* _Provided data_:
──────────

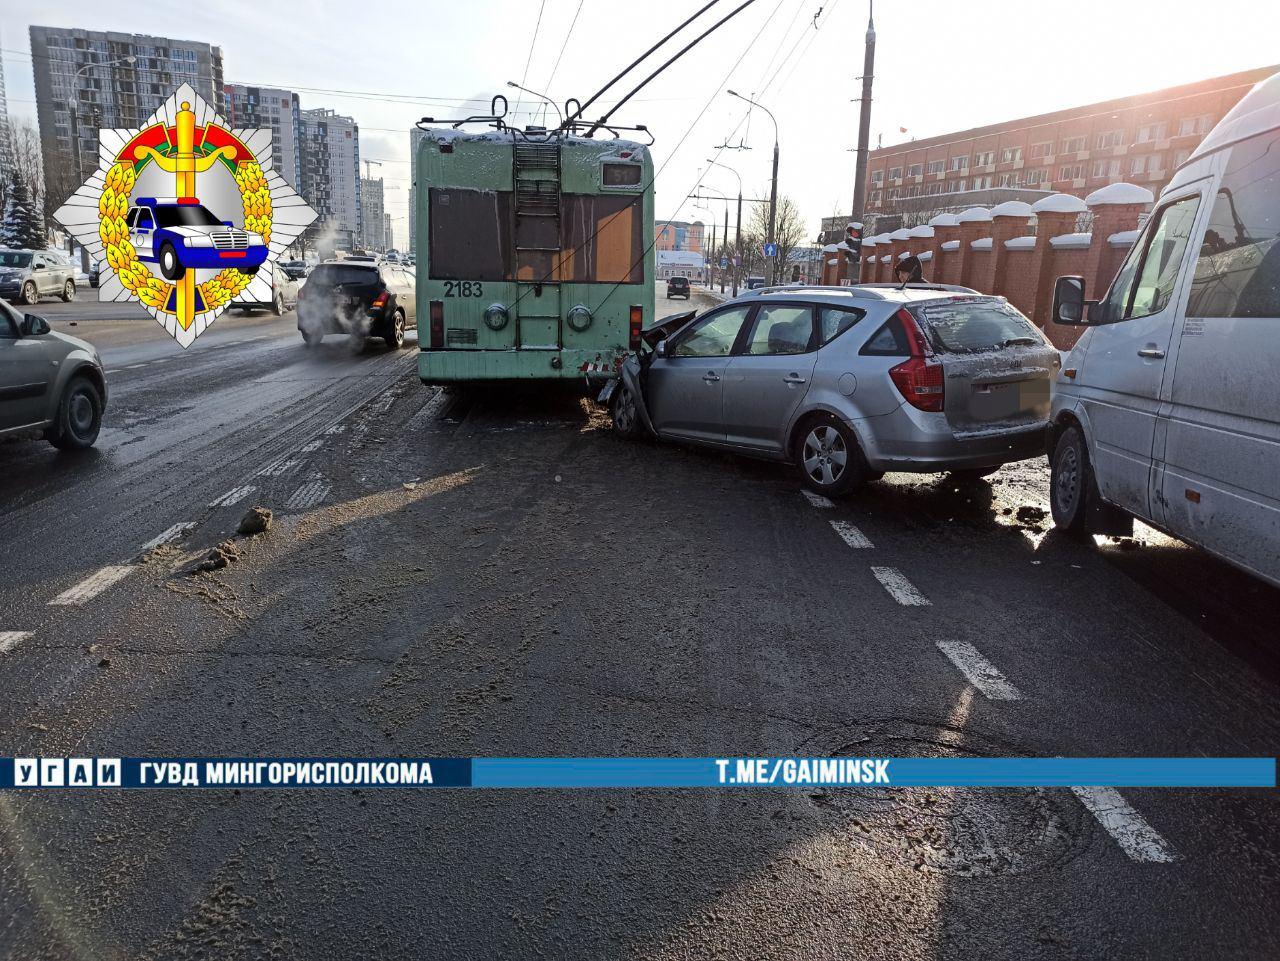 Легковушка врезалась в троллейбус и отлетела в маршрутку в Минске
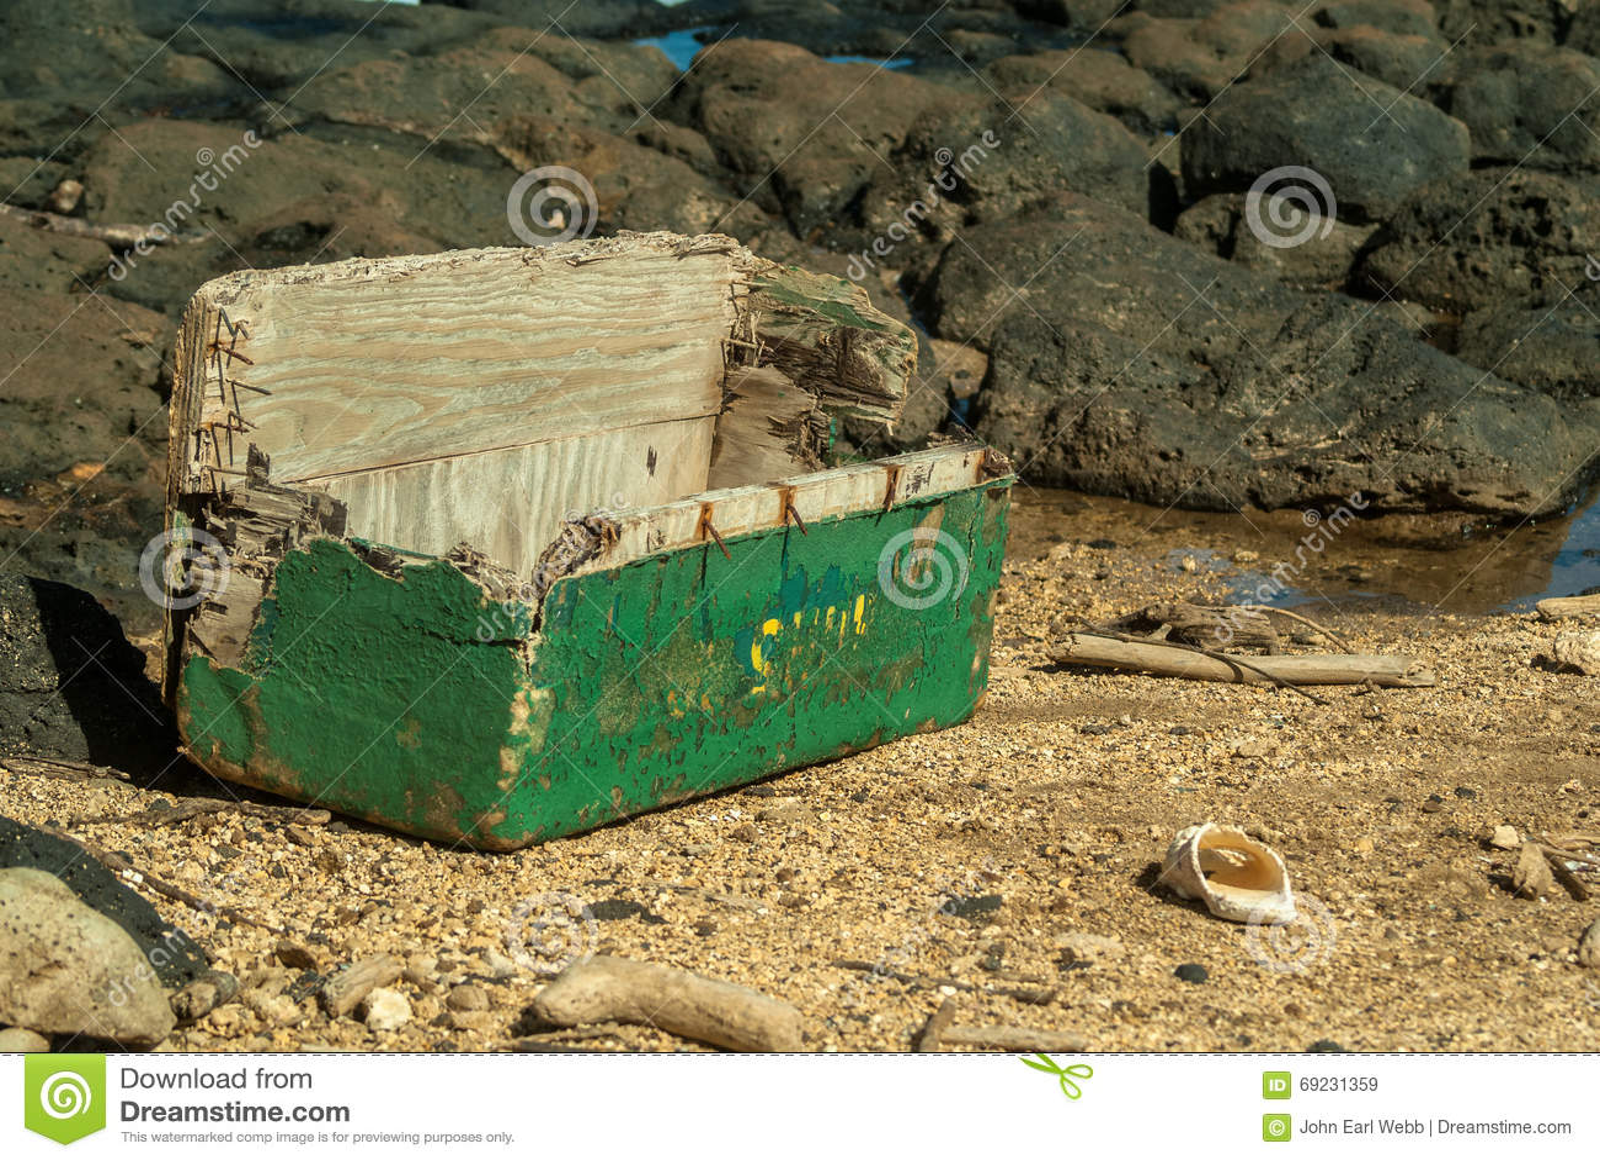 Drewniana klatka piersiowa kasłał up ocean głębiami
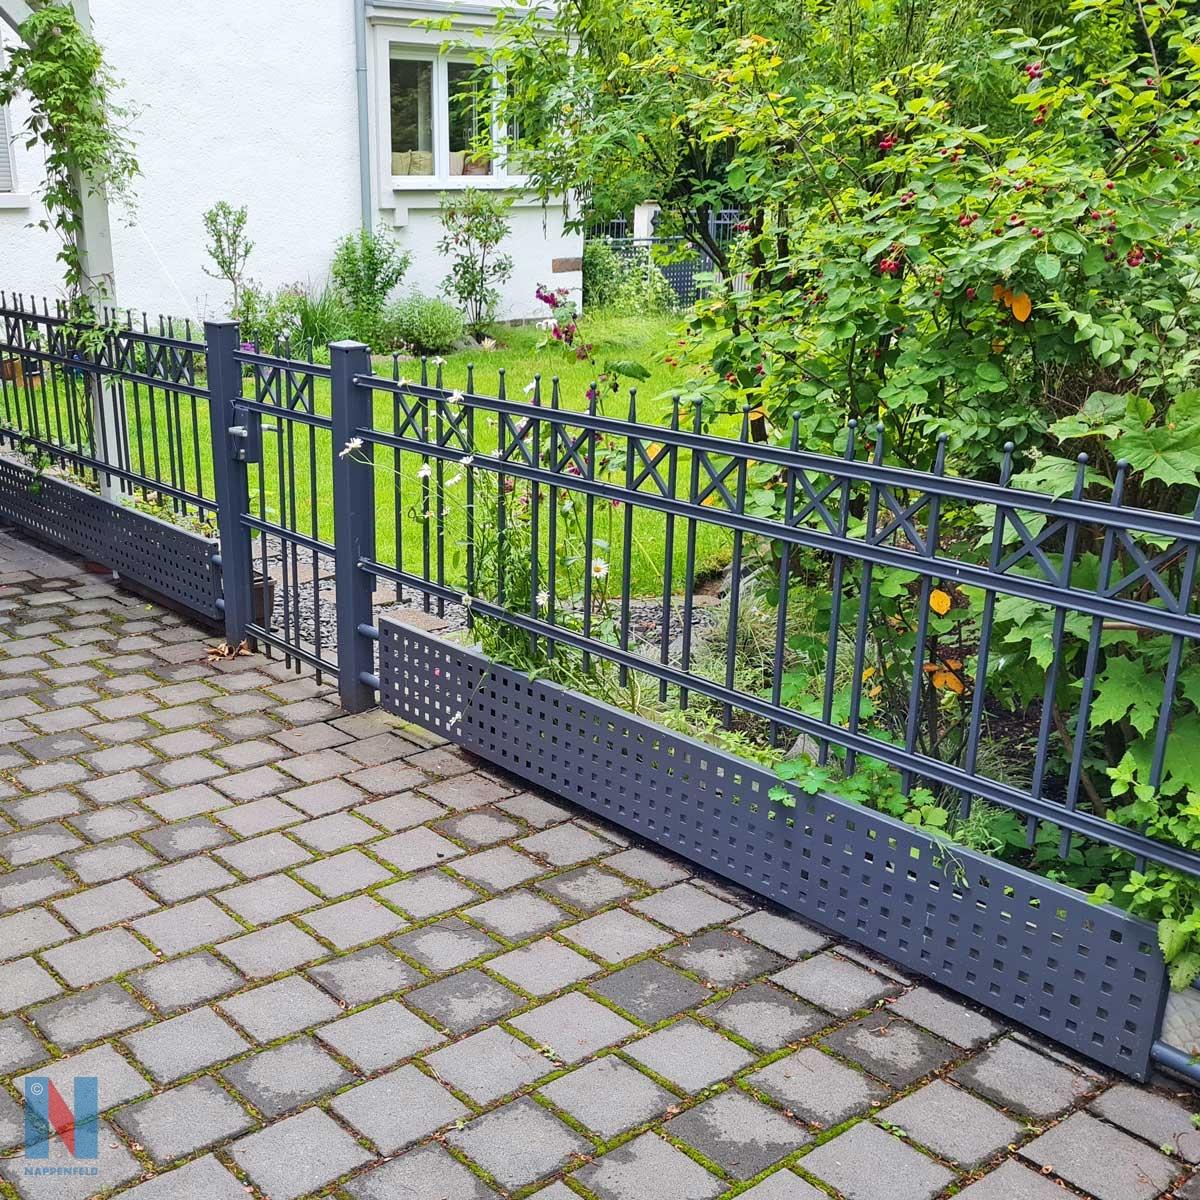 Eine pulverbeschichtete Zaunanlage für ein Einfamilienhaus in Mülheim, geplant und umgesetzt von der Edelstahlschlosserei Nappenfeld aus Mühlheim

──────────

* _Exercise_:
Would you please retype the material above exactly and leave out each picture?

* _Exercise result_:
 Легковушка врезалась в троллейбус и отлетела в маршрутку в Минске
 Drewniana klatka piersiowa kasłał up ocean głębiami
 Eine pulverbeschichtete Zaunanlage für ein Einfamilienhaus in Mülheim, geplant und umgesetzt von der Edelstahlschlosserei Nappenfeld aus Mühlheim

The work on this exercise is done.